I have a dataset that looks like that:
There are 15 unique values in the column 'query id', so I am trying to create new dataframes for each unique value. I thought of having a loop for every unique value in column 'query id' with a code like this:
df_list = []
i = 0
for x in df['query id'].unique():
df{i} = pd.DataFrame(columns=df.columns)
df_list.append()
i =1
But I am definitely doing something wrong there and got stuck. Do you have any ideas of how to do that?
Sample dataset:
relevance query id 1 2 3
1 WT04-170 10 40 80
1 WT04-170 20 60 70
1 WT04-176 30 70 50
1 WT04-176 40 90 20
1 WT04-173 50 100 10
CodePudding user response:
Pandas has a built-in function for iterating unique values in a column and selecting the matching rows. The function is groupby
In your case, you can create the dictionary as a one-liner using:
dfs = {query_id: grp.copy() for query_id, grp in df.groupby("query id")}
Once you have your dictionary of dataframes, you can access each one using the query id as your key:
my_df = dfs["WT04-170"] # Access each dataframe using the appropriate key
my_df.describe() # Do your work with the dataframe here
CodePudding user response:
Does something like this help?
df_list = []
for x in set(df['query id'].to_list()):
df = df[df['query id'] == x].copy()
df_list.append(df)
CodePudding user response:
It sounds like what you want is a filtered dataframe for each unique query id. So you would end up with 15 dataframes, each containing only the rows for that specific query id from the combined df. Is that right?

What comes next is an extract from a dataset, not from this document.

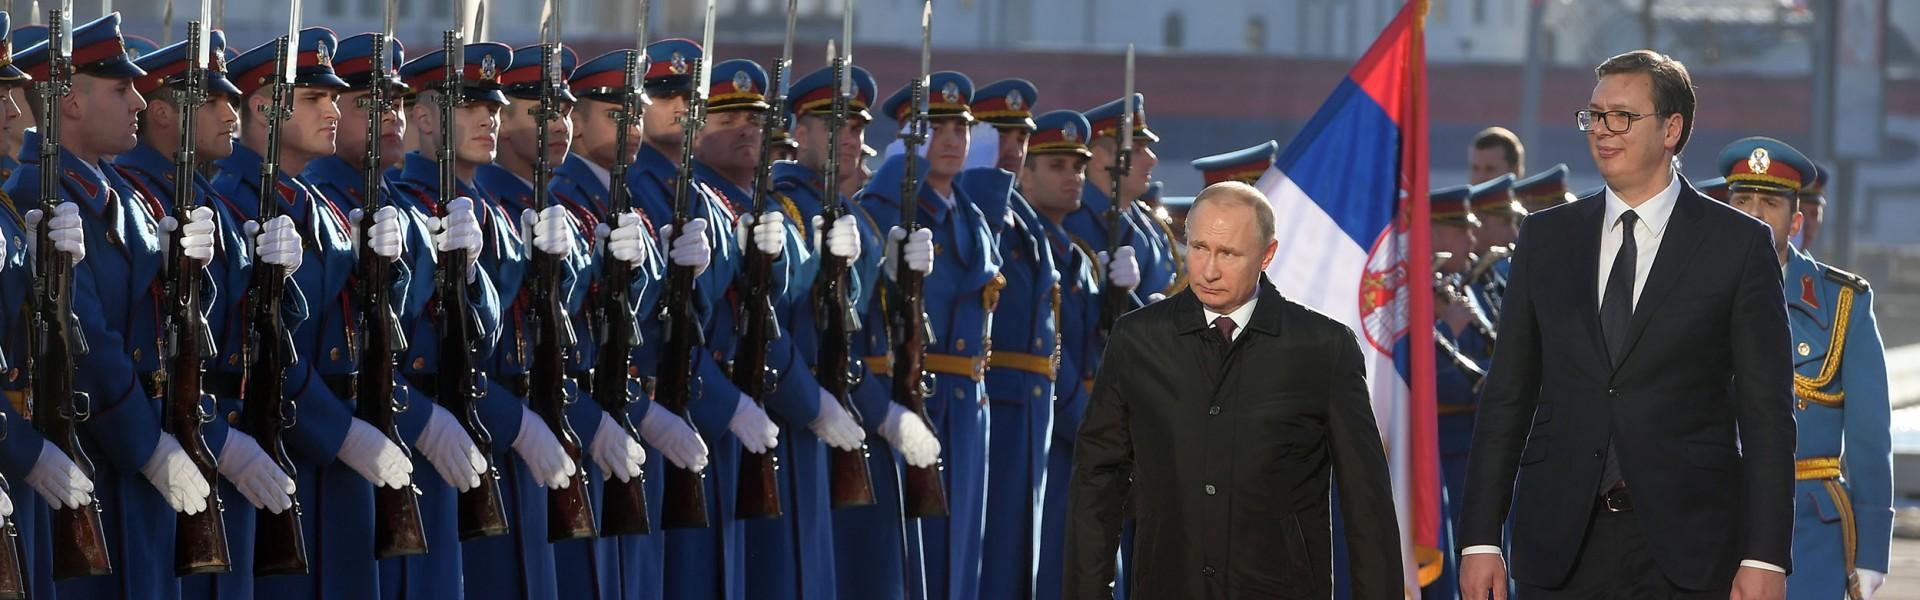 Састанак врховних команданата војски Републике Србије и Руске Федерације

In that case, your approach is close, but you could just filter the df in your loop. I also used a dict to store the resulting dataframes too, but you could do it with the list as well.
If my understanding of what you're looking for is correct, I think this should work for you:
df_dict = {}
for (i,x) in enumerate(df['query id'].unique()):
df_dict[i] = df[df['query id']==x].copy()
You could also just use the query_ids as the dict keys too, like this:
df_dict = {}
for x in df['query id'].unique():
df_dict[x] = df[df['query id']==x].copy()